The main barriers and opportunities identified by the personnel interviewed were related to strategic planning, coordination, implementation, and evaluation of the vaccination programme. Only 2 areas were identified as opportunities from the perspective of demand: strengthening community participation in communication and diffusion activities, and consolidating cooperation agreements between regional governments and public and private institutions.
In reflecting on the findings, the researchers point to the importance of promoting influenza vaccine confidence among the older population as well among the less educated. "To increase influenza vaccination coverage in this group, it is imperative to improve the regular access to health services and to provide more and better information. It would be recommendable to expand communication strategies taking advantage of the experience of other countries and regions, such as the social mobilization strategies implemented in Cameroon that were widely accepted by the population..."
Knowledge of the vaccine and influenza was found to be particularly weak in general, and it is the principal factor affecting complacency. While the importance of education has been widely discussed as a social determinant of health status, its role in the determination of each of the 3C components warrants further study, according to the researchers.
A key aspect noted in the literature is the sensitisation of health personnel toward the importance of the vaccine. The researchers assert that, in Peru, efforts along these lines, together with the strengthening of communication and dissemination strategies with an emphasis on risk groups and with an intercultural approach, could influence complacency and especially confidence. However, they stress that communication strategies must be precise to avoid counterproductive results that could lead to reinforcing vaccine hesitancy.
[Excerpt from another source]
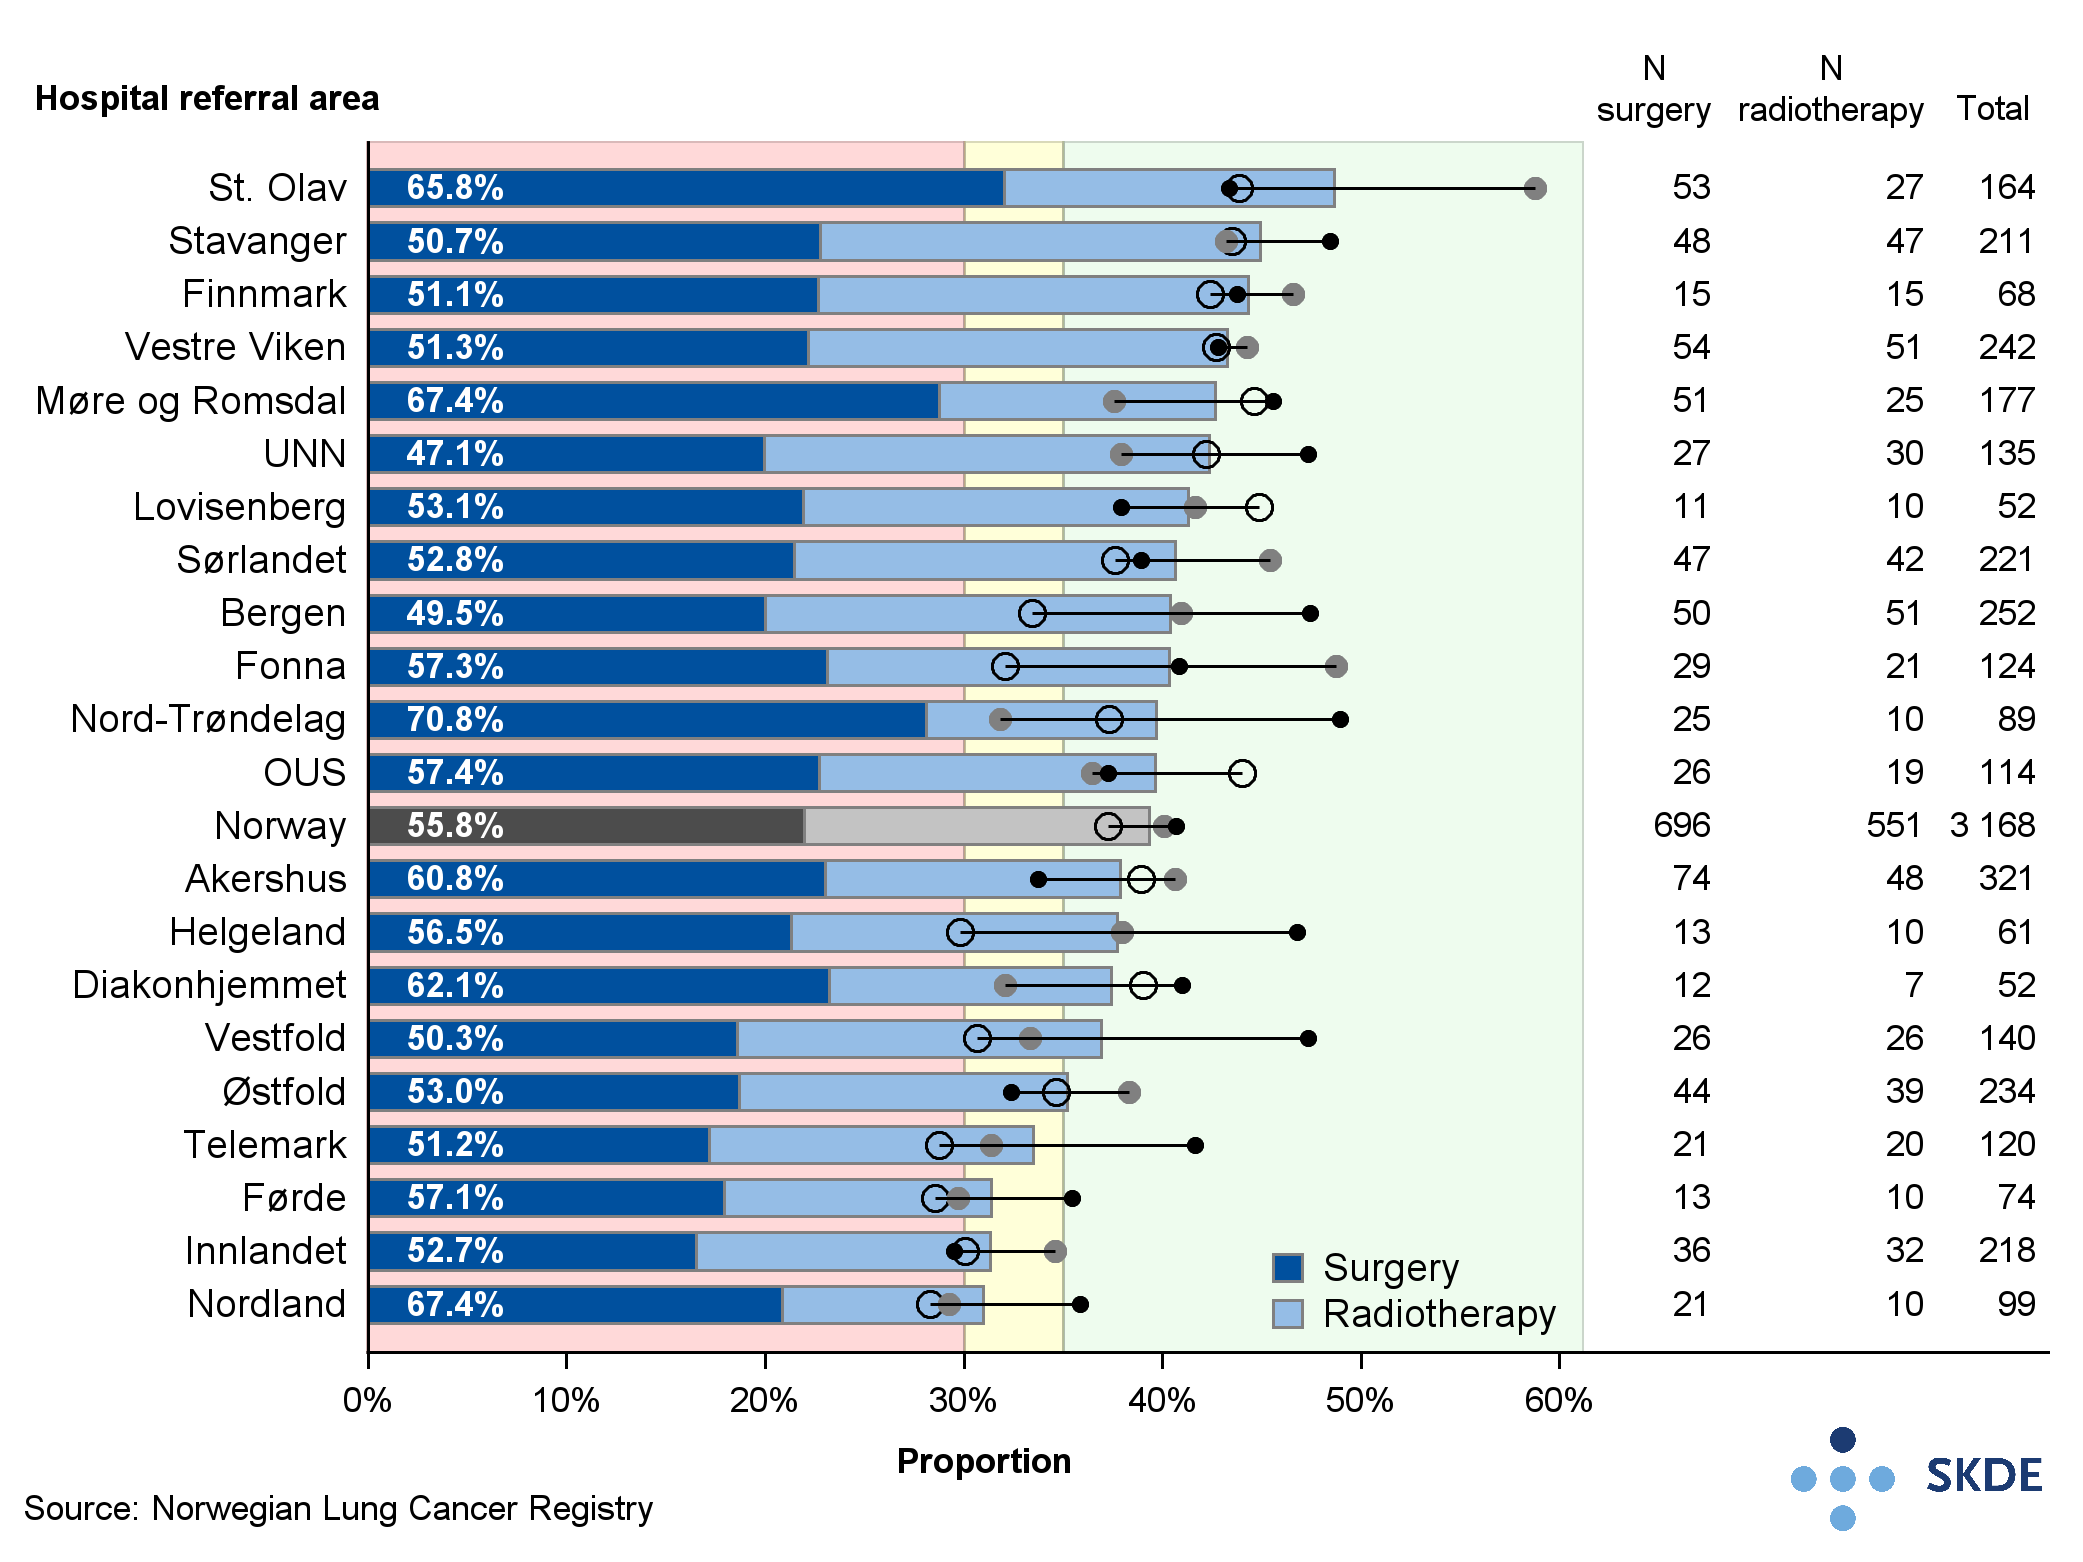 Proportion of patients with lung cancer who received curative therapy (surgery or radiotherapy)

A review of the psychological and social factors affecting vaccination uptake has highlighted 3 groups of actions to consider for policy and programme development: changing what people think and feel about confidence in vaccine effectiveness and concerns about safety; improving normative messaging to bolster altruism in specific social contexts; and leveraging positive attitudes toward vaccination through incentives, sanctions, and requirements. Other recommendations include:
- Investigate the factors that affect the different risk groups to increase confidence and reduce complacency, particularly by improving information in relation to the disease and the benefits and safety of the vaccine.
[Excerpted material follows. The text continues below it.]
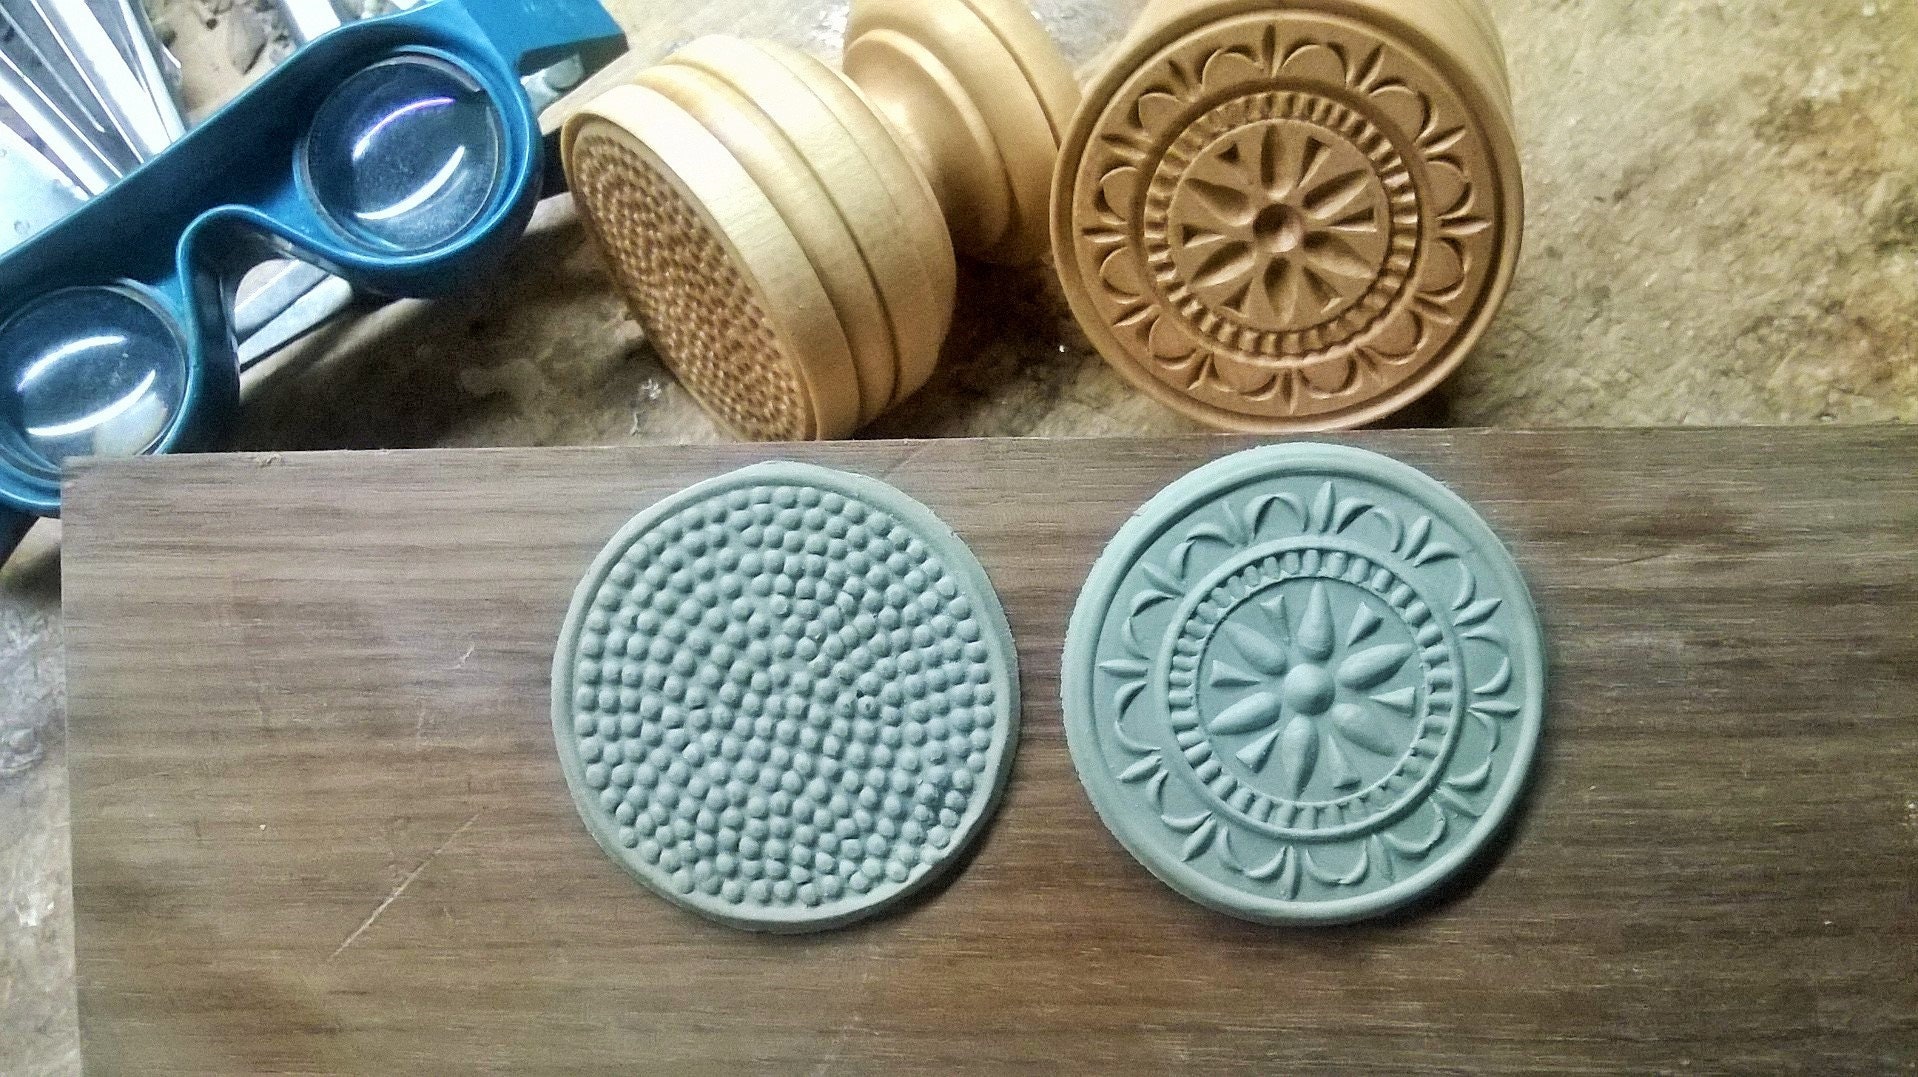 Buy CORZETTI PASTA Stamp: 4 Various Sets 1 Handle 1 or 2 or 3 or 4 Stamps  Handturned, Handcarved, in Maple of Chiantishire Online in India

- Strengthen information and communication campaigns, normative messaging, and performance incentives to focus on those aspects that affect confidence and complacency.
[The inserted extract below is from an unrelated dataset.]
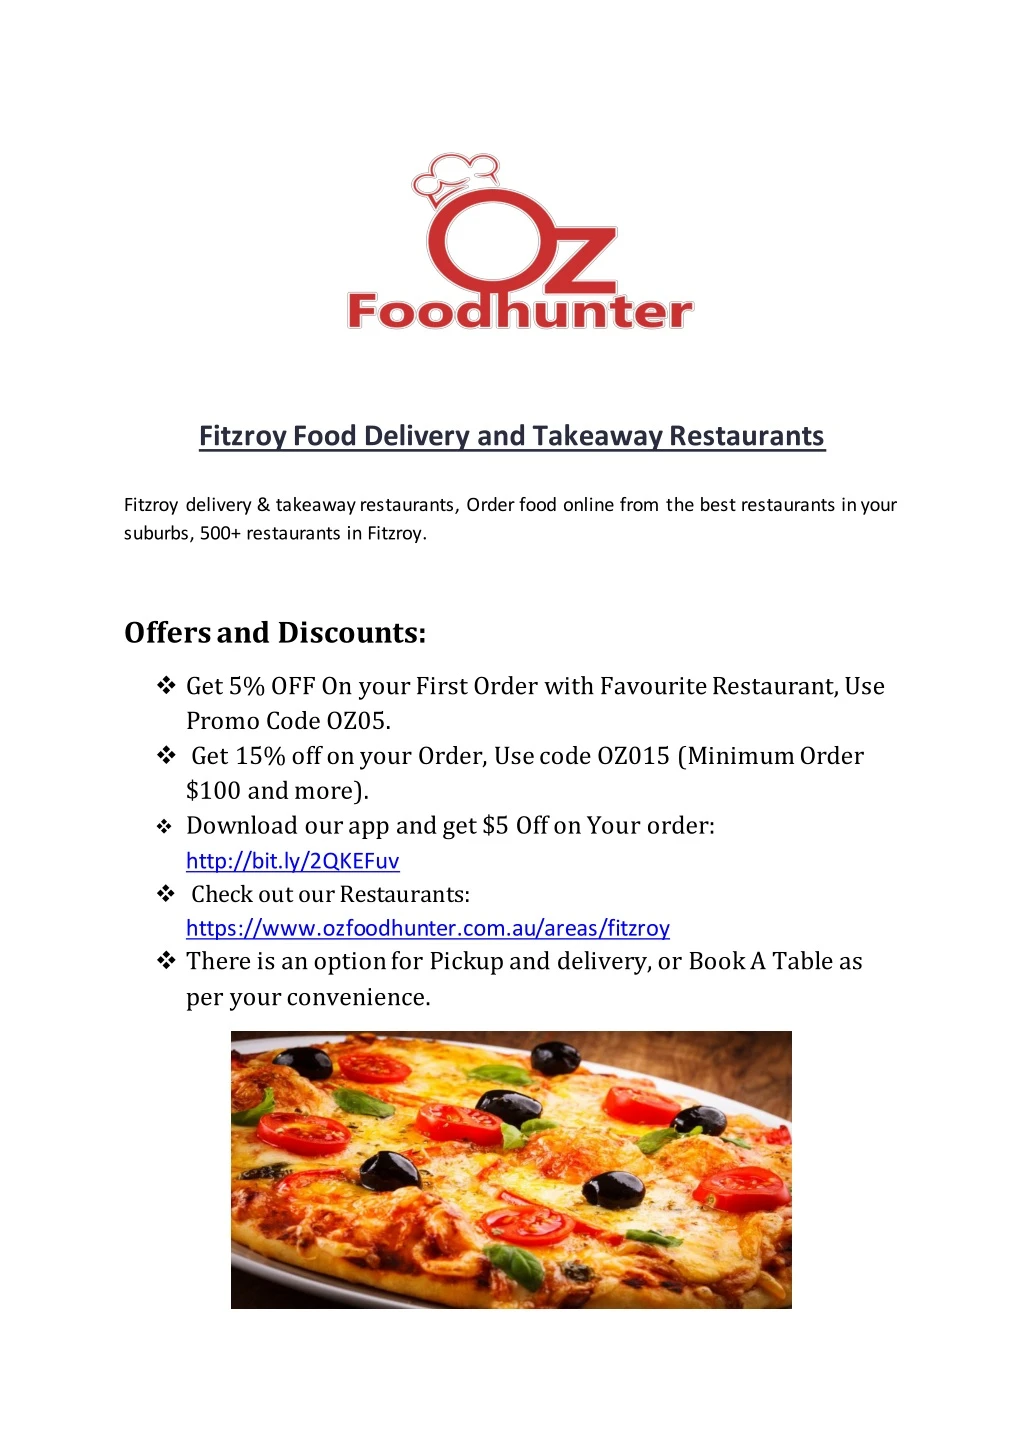 fitzroy food delivery and takeaway restaurants

- Reduce missed opportunities for vaccination among elders and adults with risk factors.
- Apply the 3Cs model to investigate indecision in vaccine uptake among populations with greater barriers to the access of health services, as well as for lower socioeconomic groups, especially in rural areas of Peru.
In conclusion, the results of this study "suggest that the relative success in Peru with improving the convenience in influenza vaccine access has to be now followed-up with policies to address complacency and especially confidence through appropriate information on safety and effectiveness, through targeted messaging and particularly through performance incentives targeted to health personal and the population at large."